Es war zwar nun schon einige Wochen her, dass sich die Eizelle nicht eingenistet hatte, aber es holte mich dennoch immer wieder ein. Ich fühlte mich trotz meiner Freunde, die mich sehr umsorgten, allein.
Ich zog mich zurück. Ich wollte Mikko nicht treffen, ihm nicht in die Augen sehen müssen. Es waren so viele Gefühle, die in mir hoch kamen, wenn ich ihn sah. Ich wollte ihn in den Arm nehmen, ihn küssen, aber auch wegschupsen und ihn anschreien. "Warum wir?" Warum durften wir das Glück einer kleinen gesunden Familie nicht genießen? Ich kenne die medizinischen Fakten. Ich weiß, dass es nicht selten passiert. Aber trotzdem kommt es mir so vor, als wäre es uns nicht gegönnt gewesen.
Ich stand auf. Machte mich fertig. Wischte mir die Traurigkeit und die Wut aus dem Gesicht, legte mir ein Lächeln auf und versuchte glücklich zu sein. Ich versuchte es wirklich. Ich wollte, dass es mir gut geht und dass keiner sich um mich sorgen müsste. Heute wird ein guter Tag, sagte ich mir. Die Patienten am JTK lagen mir sehr am Herzen. Ich wollte für sie dasein, ich machte keine Fehler. Deswegen musste ich all das von mir schieben. Ich wollte gute Arbeit leisten, ich wollte Menschenleben retten. Das war meine Berufung und heute würde ich wie jeden Tag helfen. Ich duschte, zog mich an und nahm mir meine Tasche, dann verließ ich das Haus.
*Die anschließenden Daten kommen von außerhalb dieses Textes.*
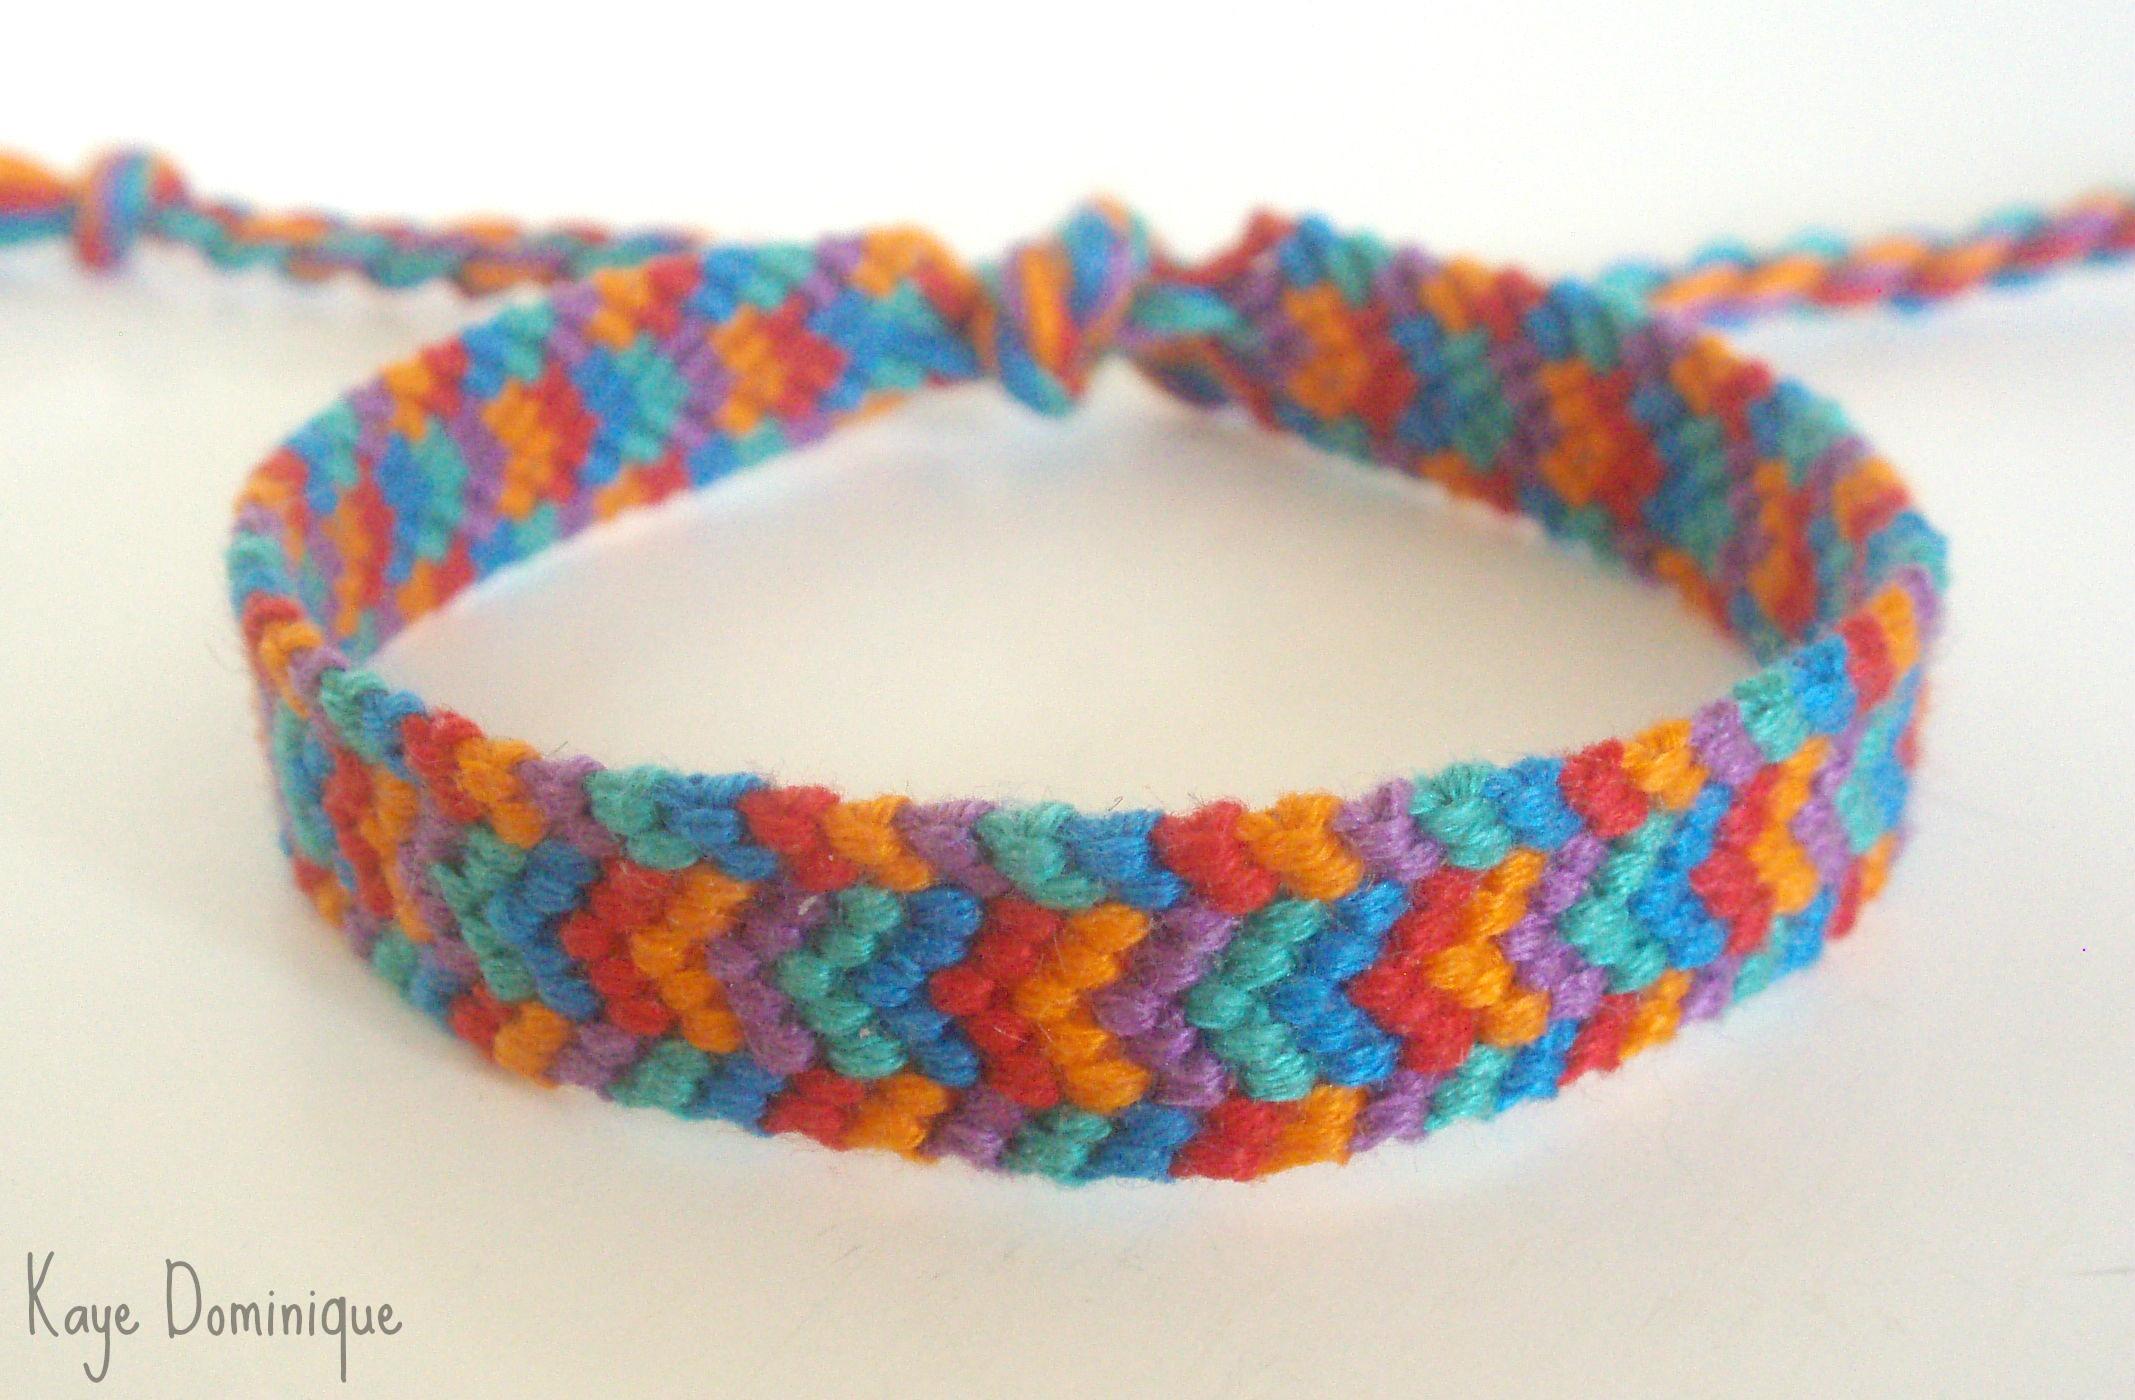 Chevron bracelet -  Bordered Chevron Bracelet By Chibi Shishi
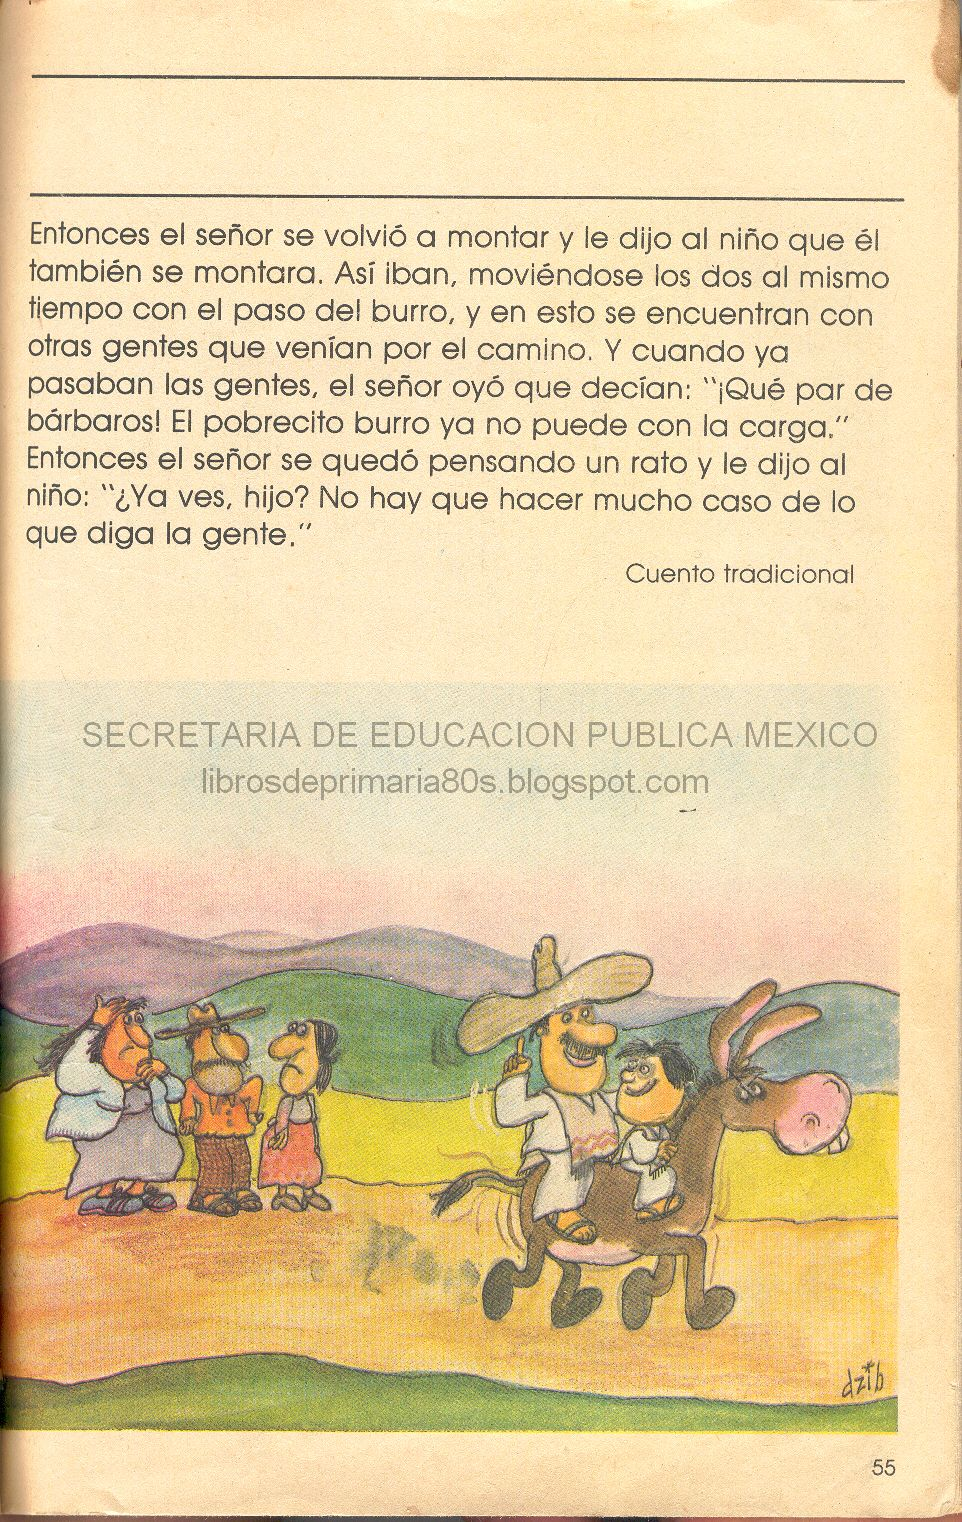 Libros de Primaria de los 80\'s: El señor, el niño y el burro (Mi ...

Ich hatte keinen weiten Weg zum JTK, ich konnte ihn zu Fuß laufen. Das half mir sehr oft, den Arbeitstag zu verarbeiten und in meiner Wohnung mein Leben zu leben und nicht dauernd an all meine Patienten zu denken. Auch hin zur Arbeit half es mir, mich vorzubereiten. Im Kopf durchzugehen, was ich heute zu tun hätte und mich auf neue Aufgaben einzustellen.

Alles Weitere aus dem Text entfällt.